==== Dataset content

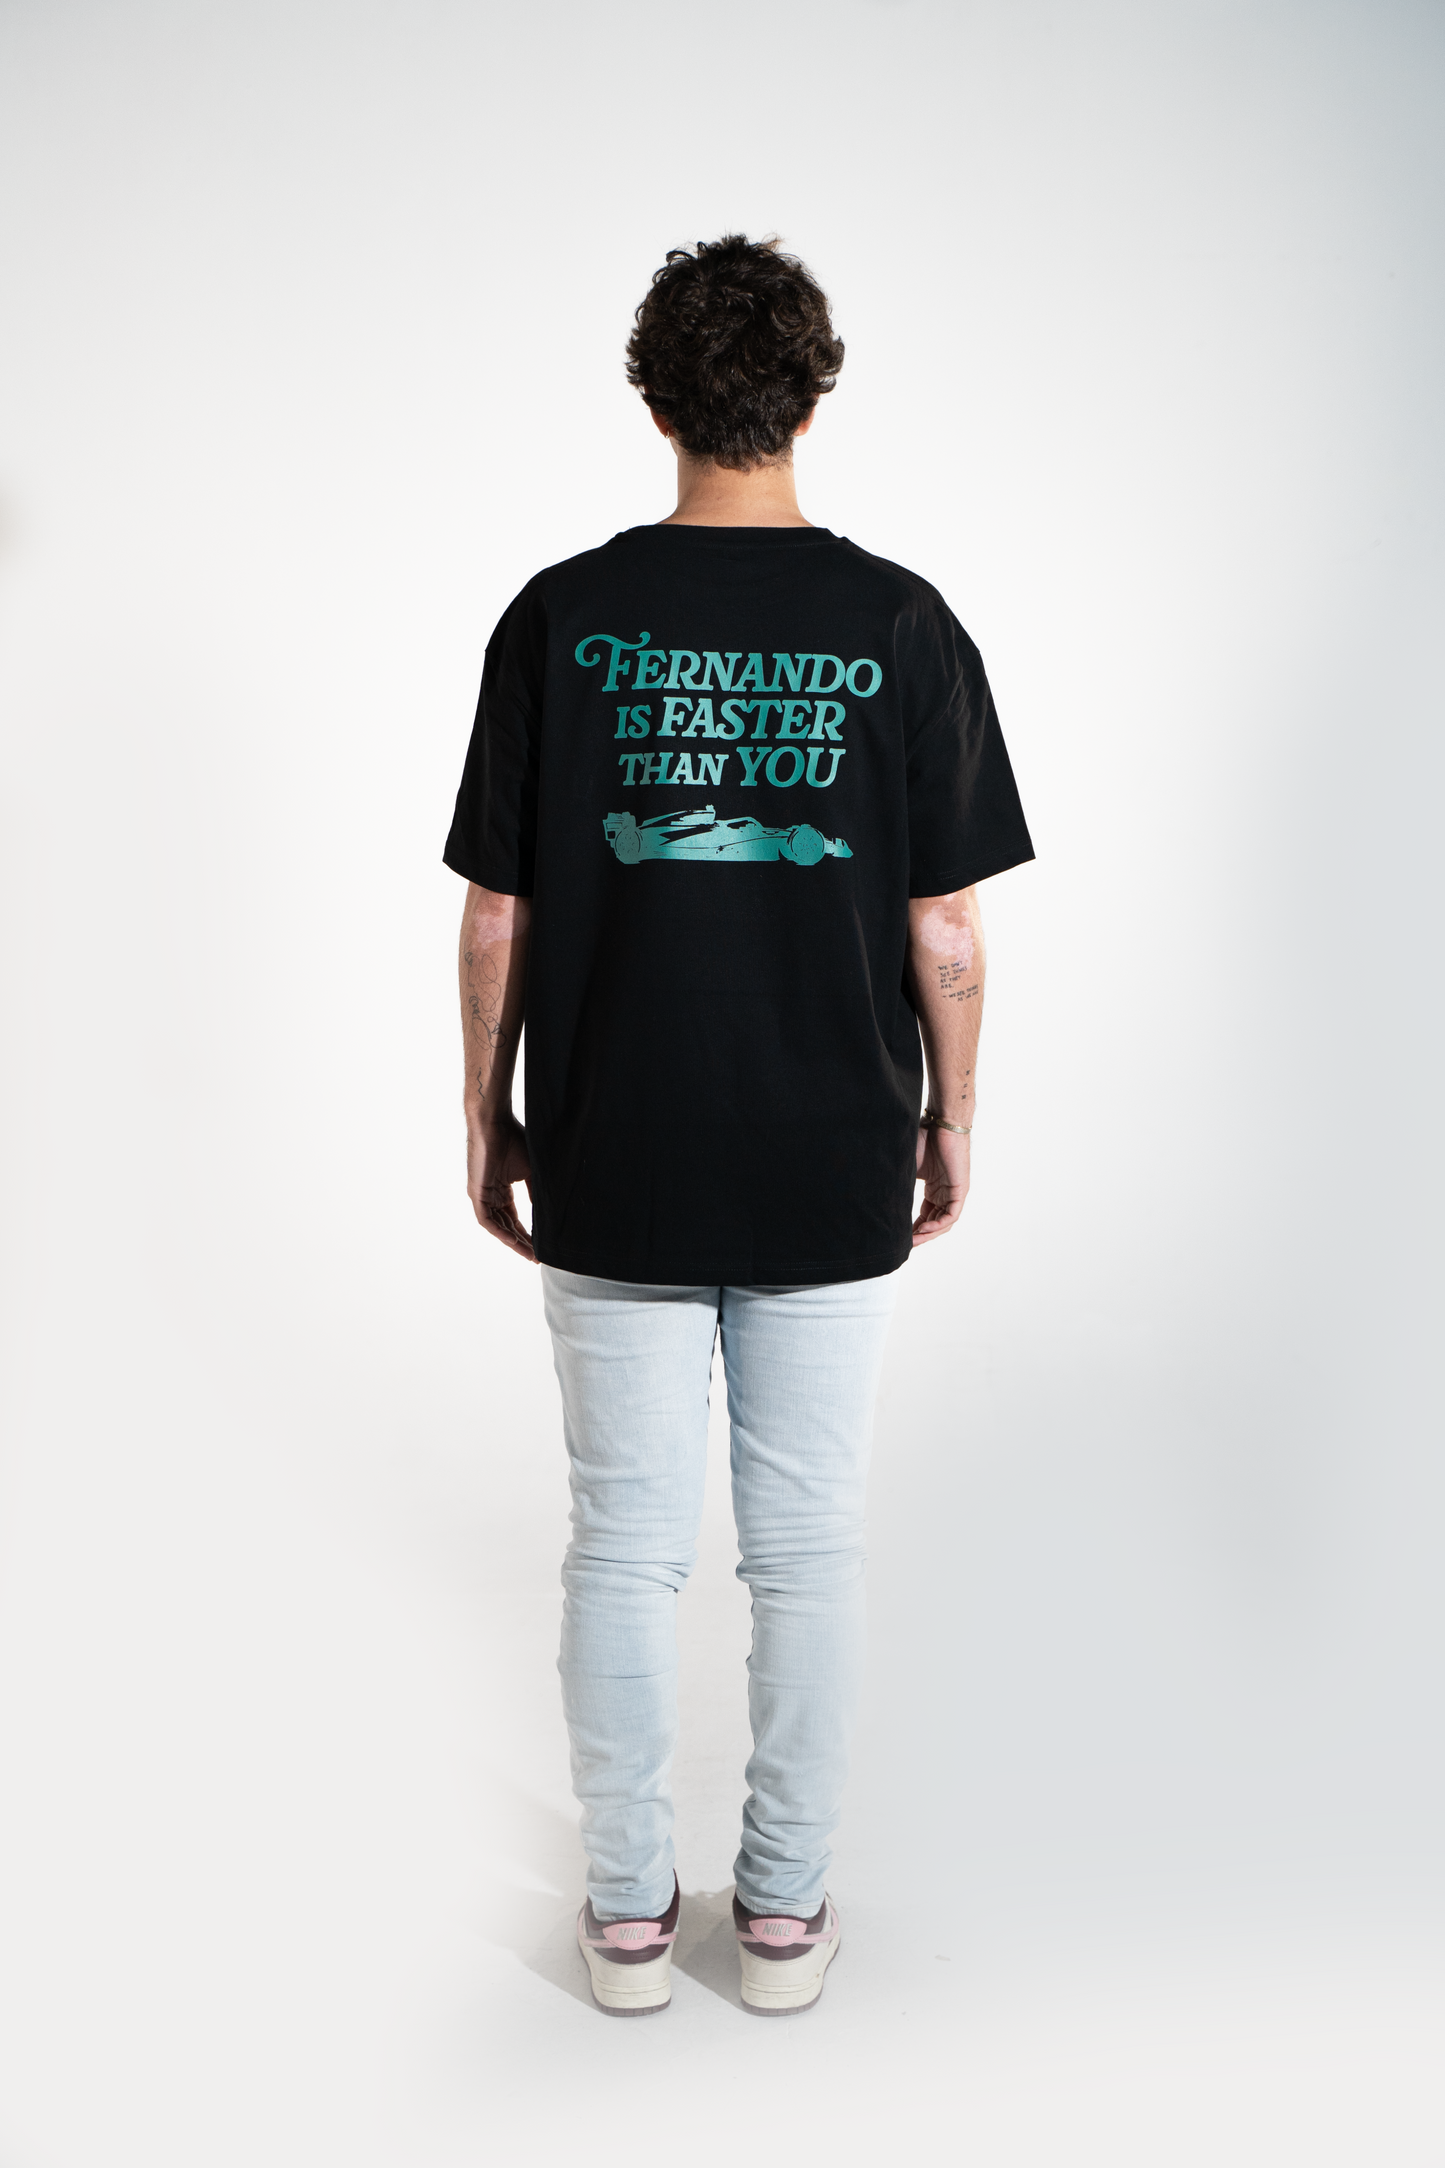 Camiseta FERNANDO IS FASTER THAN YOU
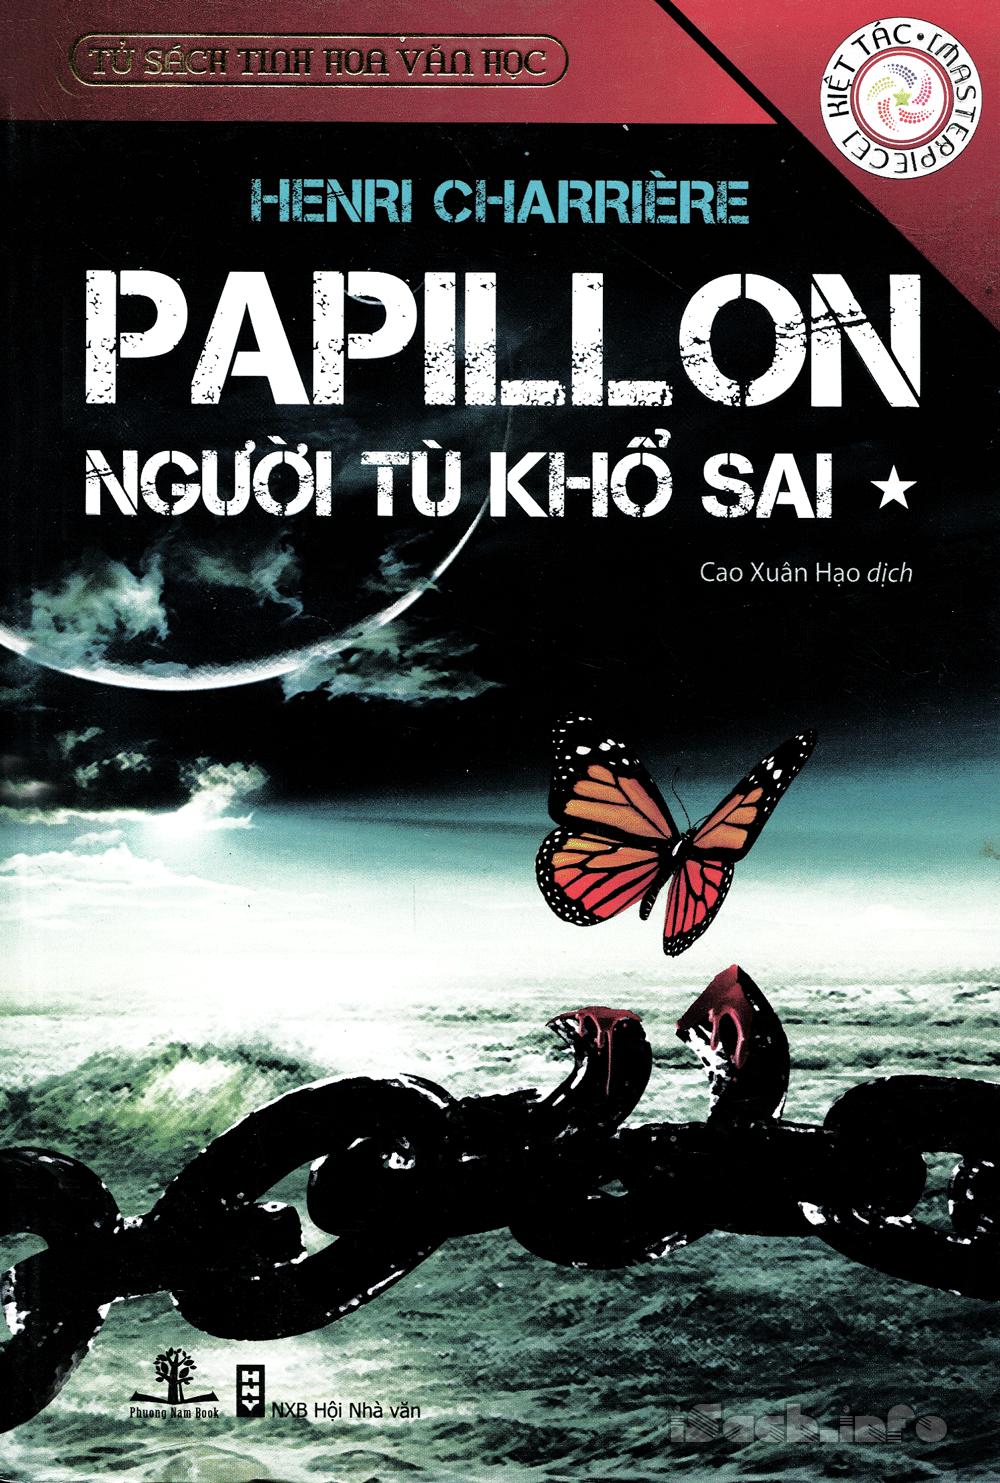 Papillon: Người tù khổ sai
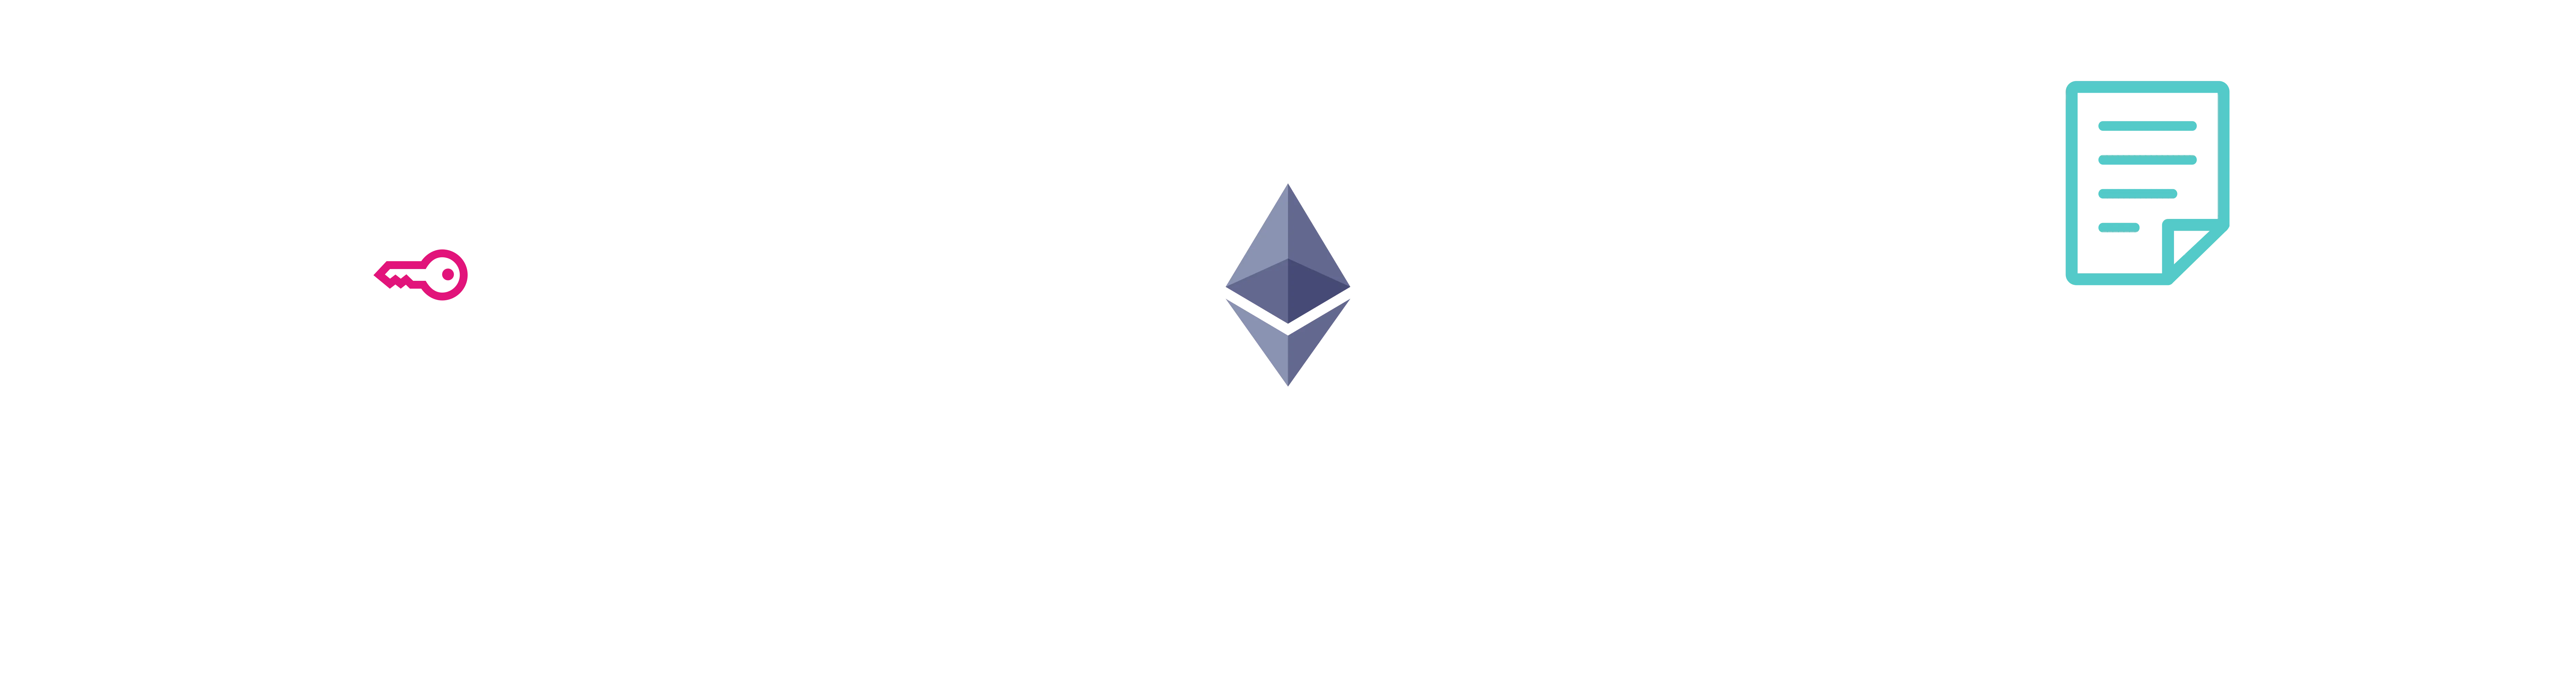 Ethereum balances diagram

========

Instructions to follow
Reproduce the lines above, exactly and exclusively, from the line containing "Papillon: Người tù khổ sai" down to the last line, both included; pictures are not part of the copy.

Answer below
 Papillon: Người tù khổ sai
 Ethereum balances diagram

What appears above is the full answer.